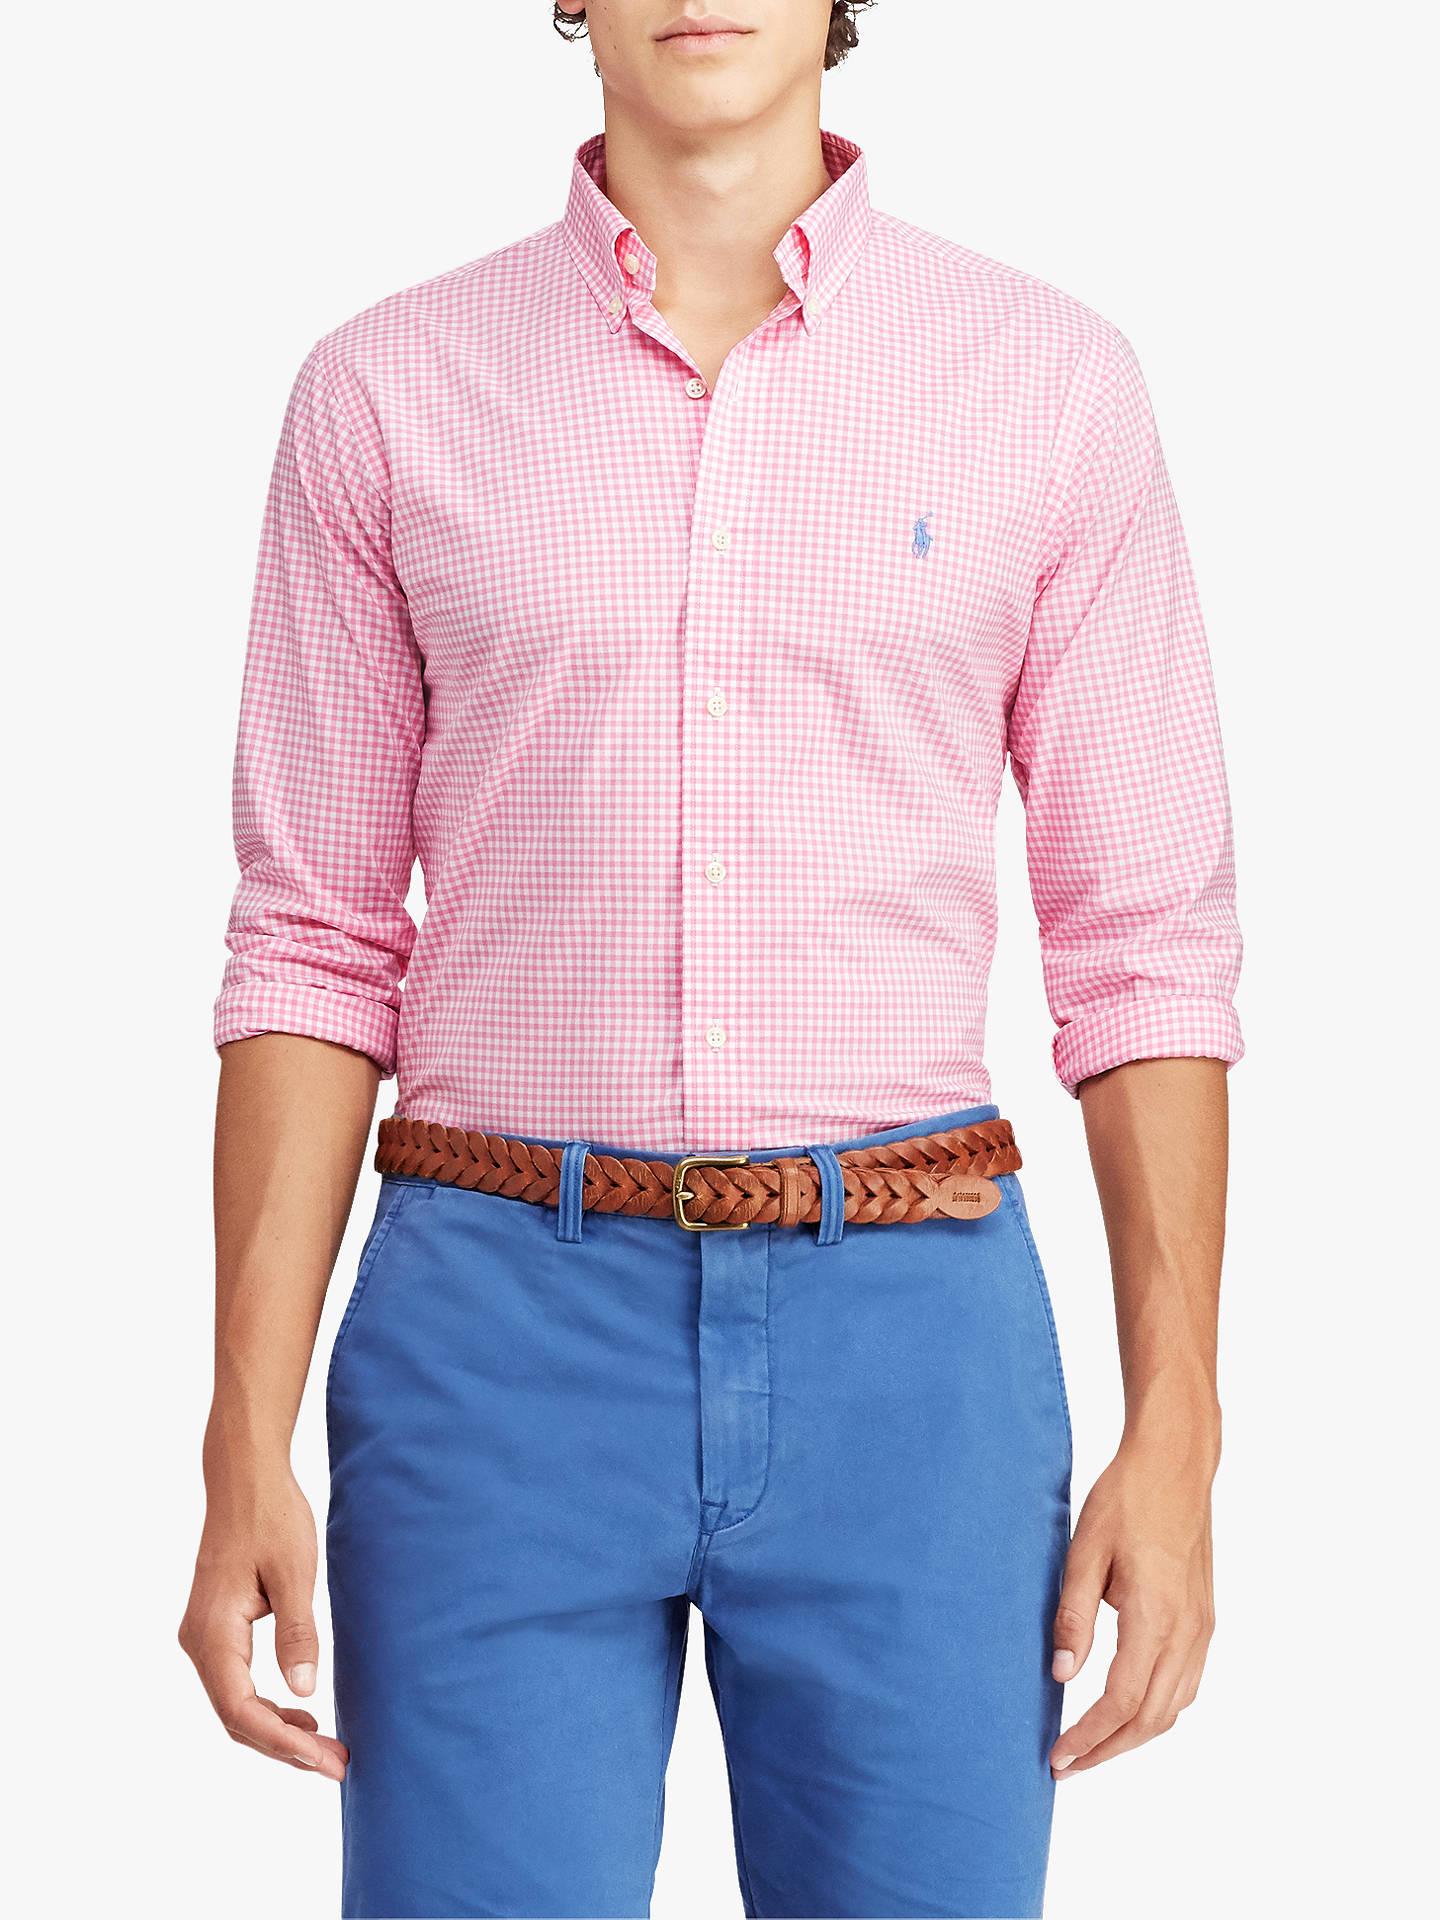 6d7cc08e Polo Ralph Lauren Classic Fit Gingham Shirt, Pink/White at John ...
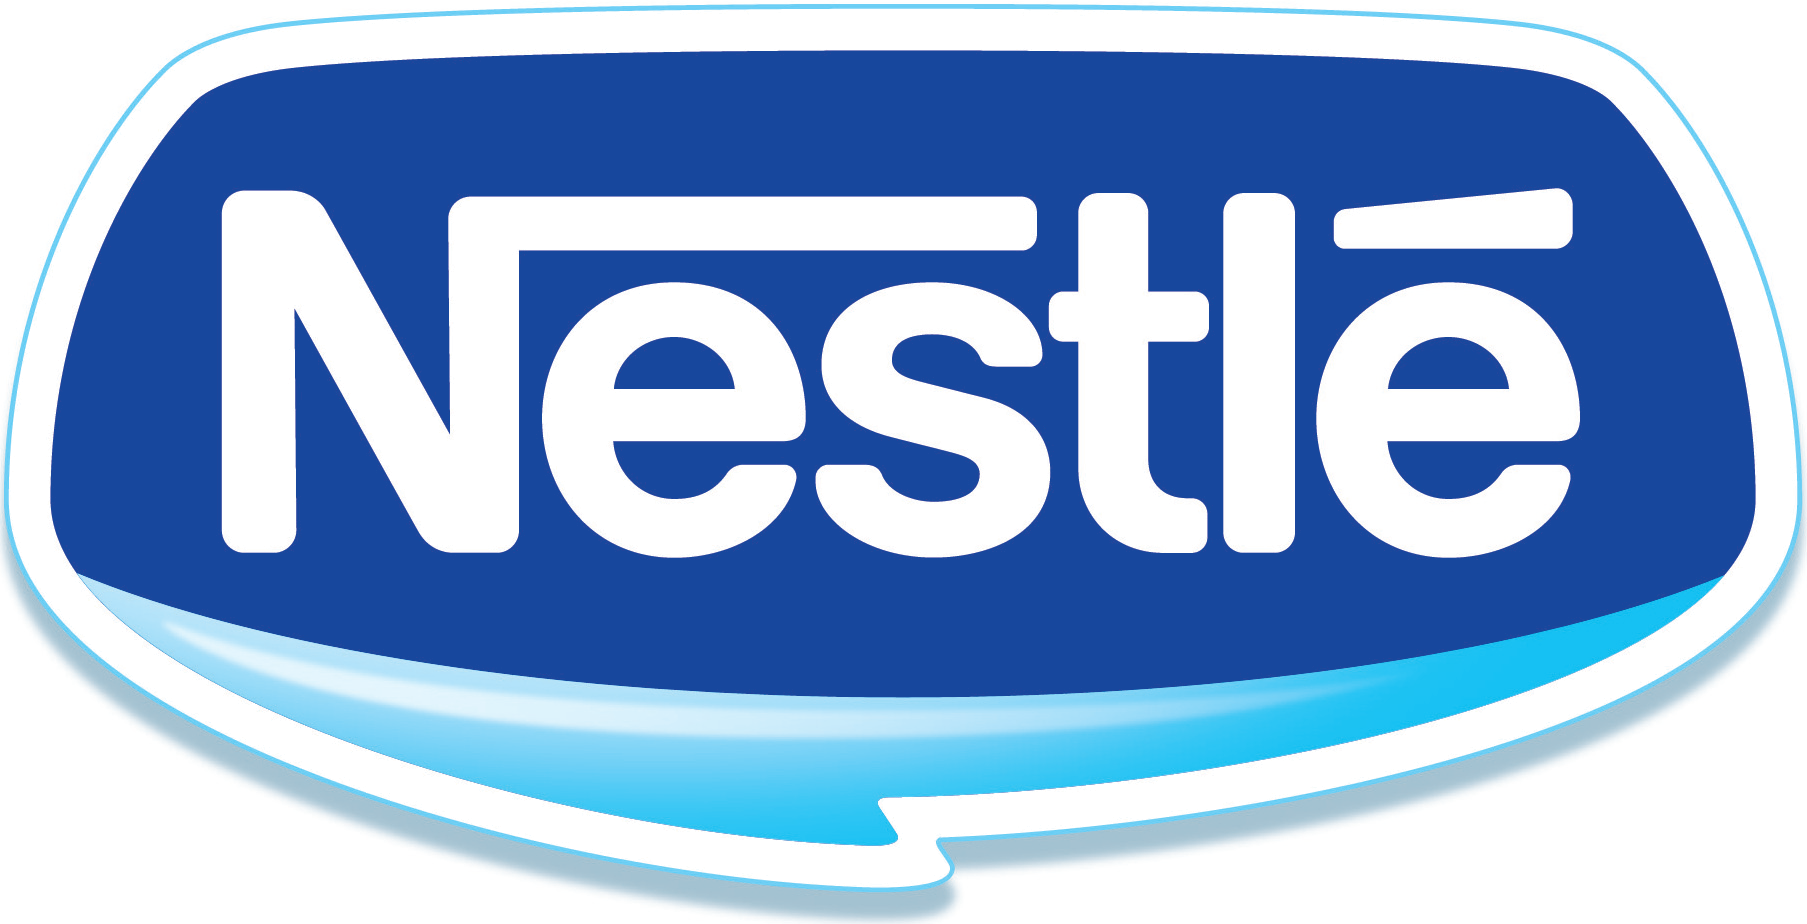 logo nestle png transparent logo nestle png images pluspng
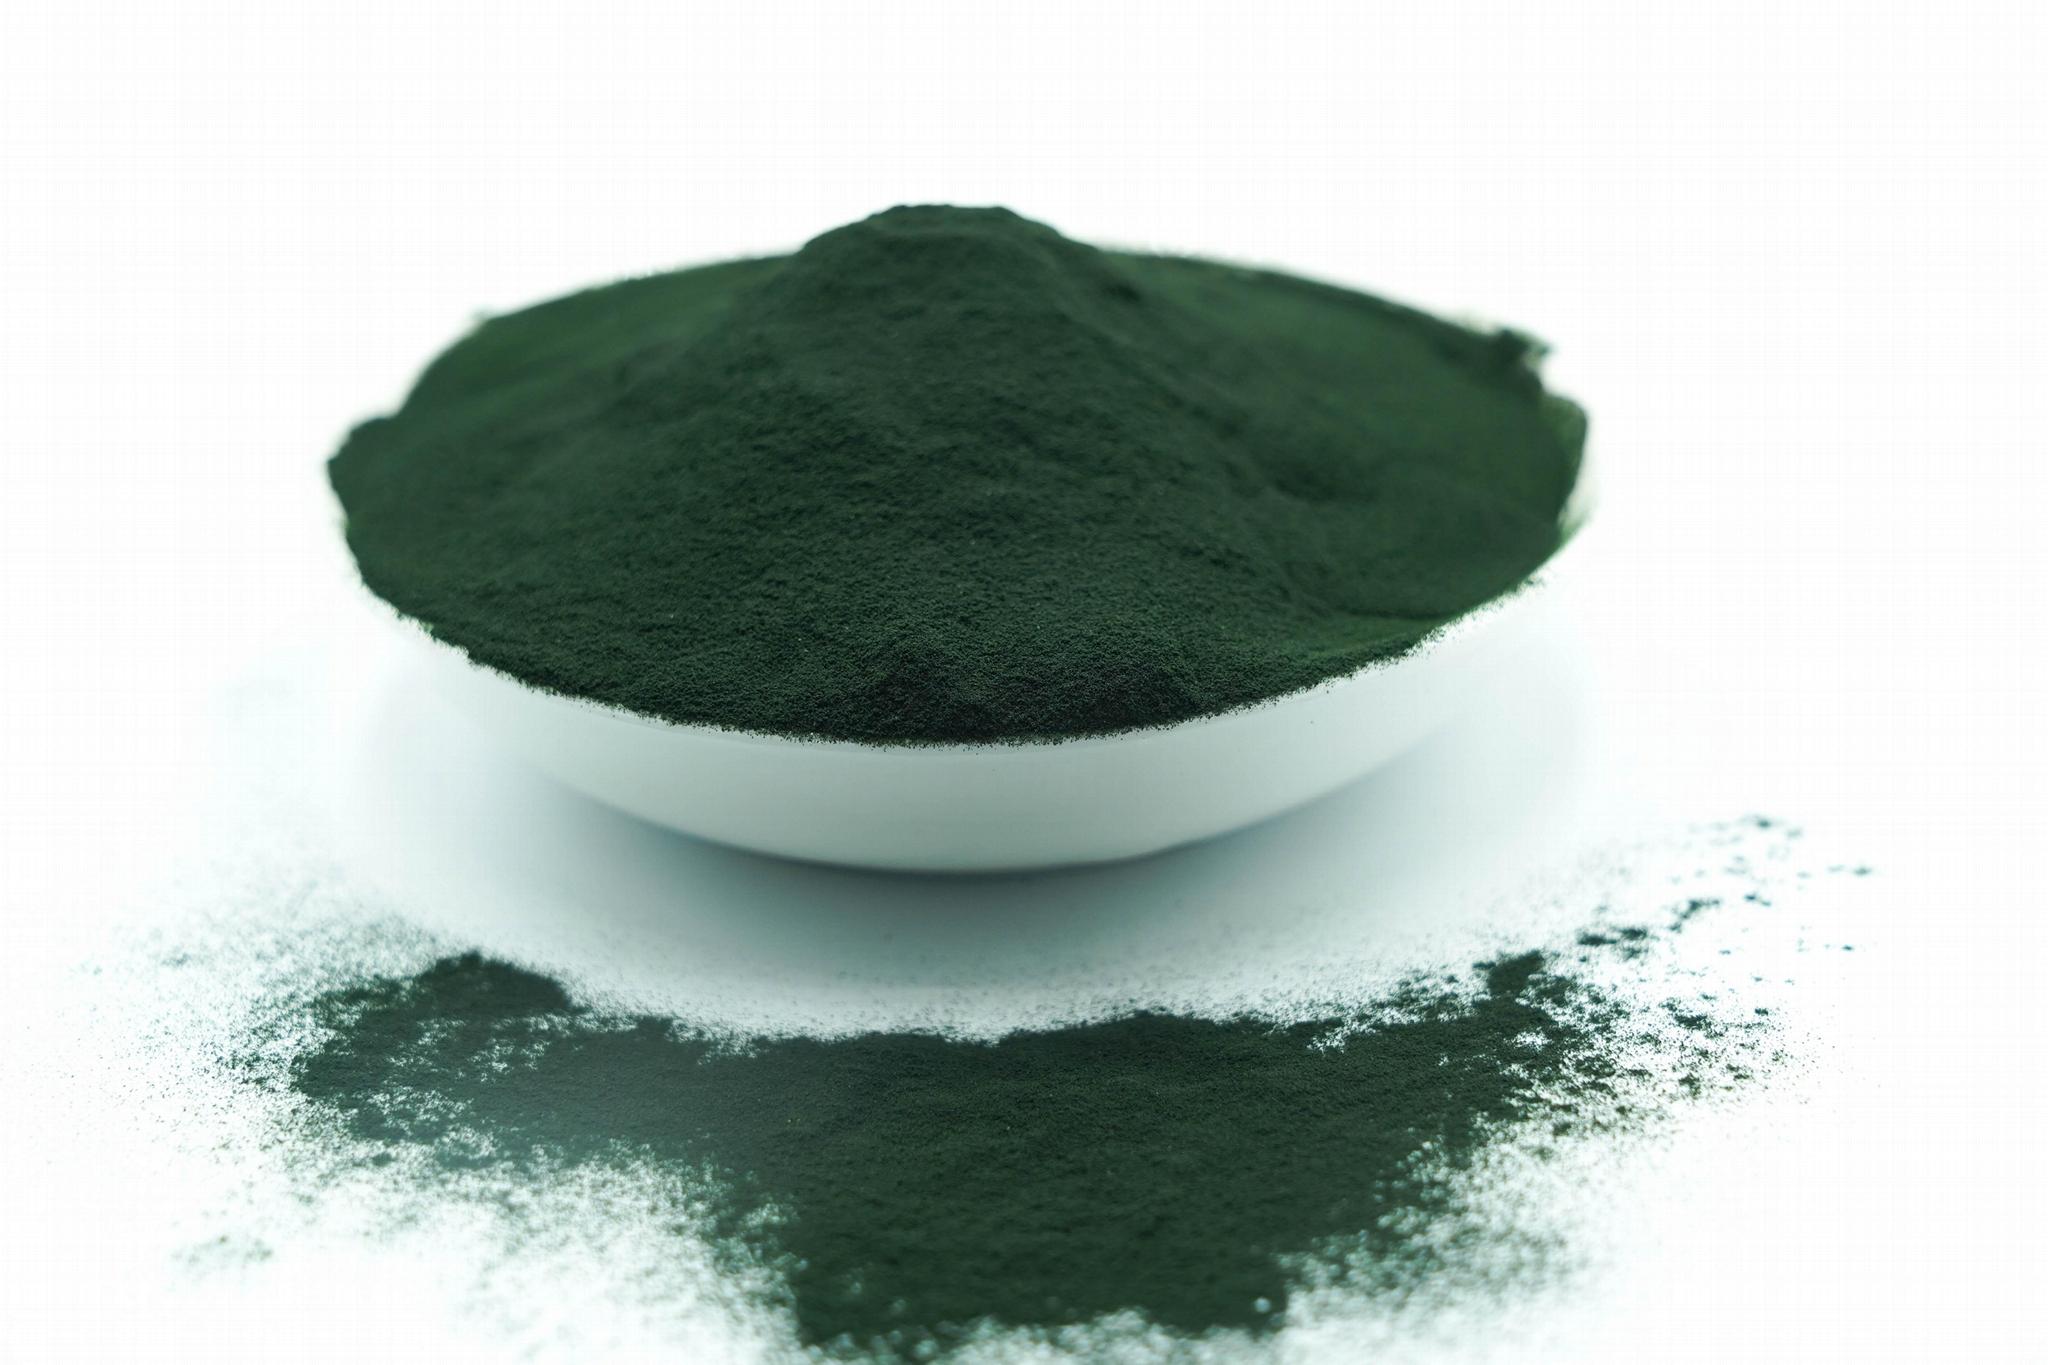 Price Of Spirulina Per Ton Spirulina Powder Spirulina Extract 1

About this exercise:
Print once more, exactly, the lines from the one with "logo nestle png transparent" through the last line of the data, both ends included, without any pictures.

Written response:
 logo nestle png transparent logo nestle png images pluspng
 Price Of Spirulina Per Ton Spirulina Powder Spirulina Extract 1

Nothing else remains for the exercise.